A few weeks ago, I wrote about all the uncertainty that seemed to swirling around much of agriculture as the 2014 season began to kick in. Among questions about crop mix, commodity prices and changes to America’s energy policies, I mentioned that the lack of a Farm Bill had some market observers on edge. Luckily, these folks can now relax.

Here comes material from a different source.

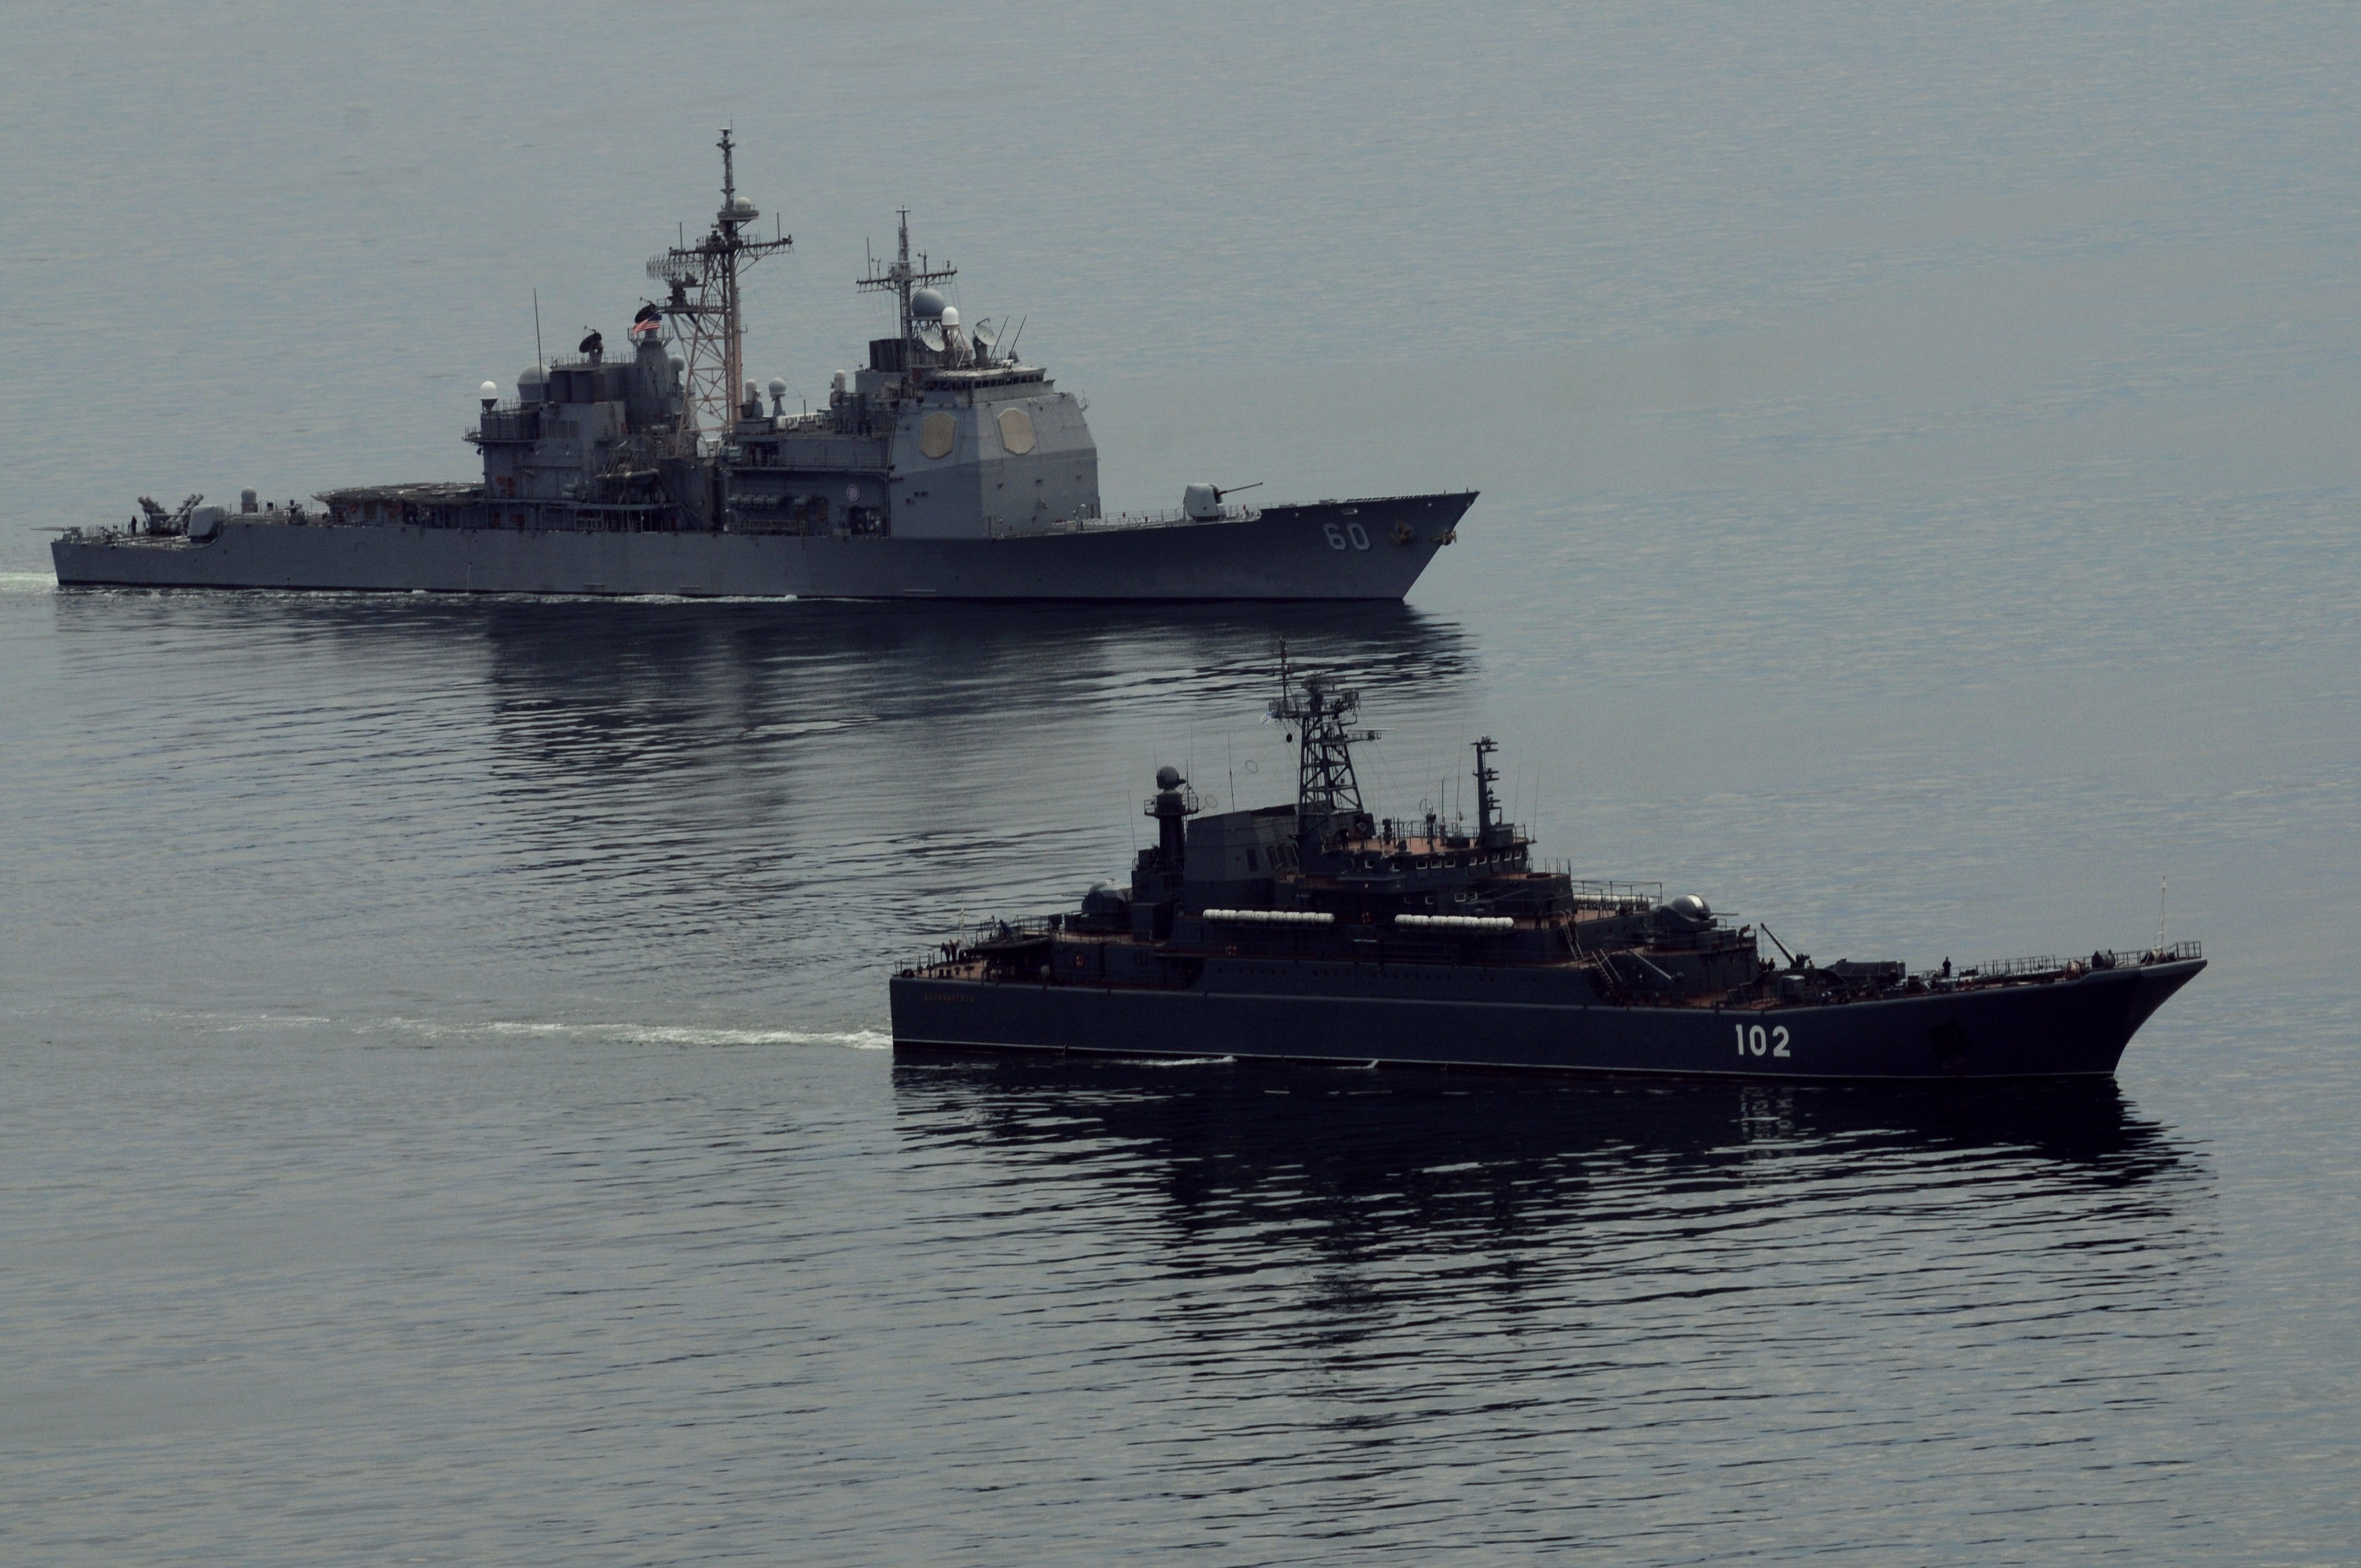 USS Normandy (CG-60), left, and the Russian amphibious ship RFS Kaliningrad (LSTM 102) conduct anti-piracy training during the Baltic Operations (BALTOPS) 2012 exercise. US Navy Photo
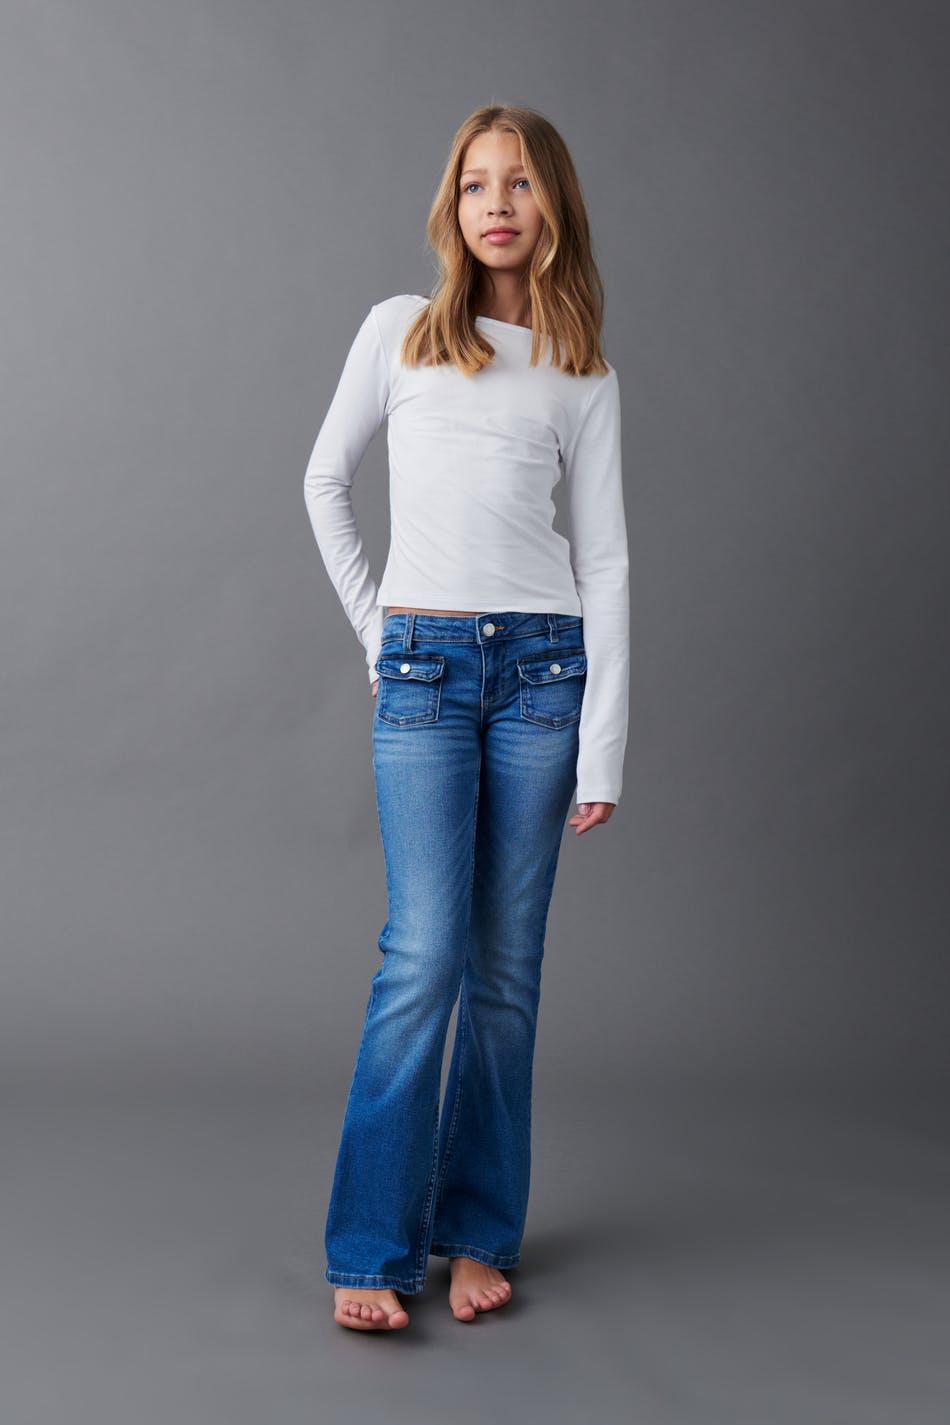 Gina Tricot - Front pocket bootcut jeans - wide jeans - Blue - 158 - Female

Late last week, the opposing Democratic and Republican forces in the U.S. Congress finally approved a new Farm Bill – approximately two years after the last one first expired. A key provision in this new bill eliminates direct payments to growers, replacing these with two different subsidy programs. It also contains a new insurance program for cotton growers. Under the new Farm Bill, growers will have two insurance-based subsides available to them – one for losses not covered by crop insurance and the other that kicks in if crop prices fall below a certain threshold. There’s also more money for expanding traditional crop insurance.
“We don’t pay people unless there’s actually a reason, because we’ve got a price loss or a crop loss,” said U.S. Representative Collin Peterson (D-MN), announcing the new Farm Bill. “Under the direct payments, you got payments whether you needed them or not.”
For the most part, U.S. growers have performed just fine without a new Farm Bill. In fact, according to USDA, projected net farm income for 2013 was $131 billion, an increase of 15% from the 2012 total. However, many ag retailers I’ve spoken with at recent trade shows have said they thought some growers were “reluctant” to make any commitments to crop or inputs for 2014 with so much market uncertainty hanging over the marketplace.
But part of that uncertainly is now gone. And hopefully, many growers will feel the same way as Jerry Main, who farms approximately 500 acres in Iowa. “There’s a lot of relief that they finally have passed a Farm Bill,” said Main an online article. “It gives some stability.”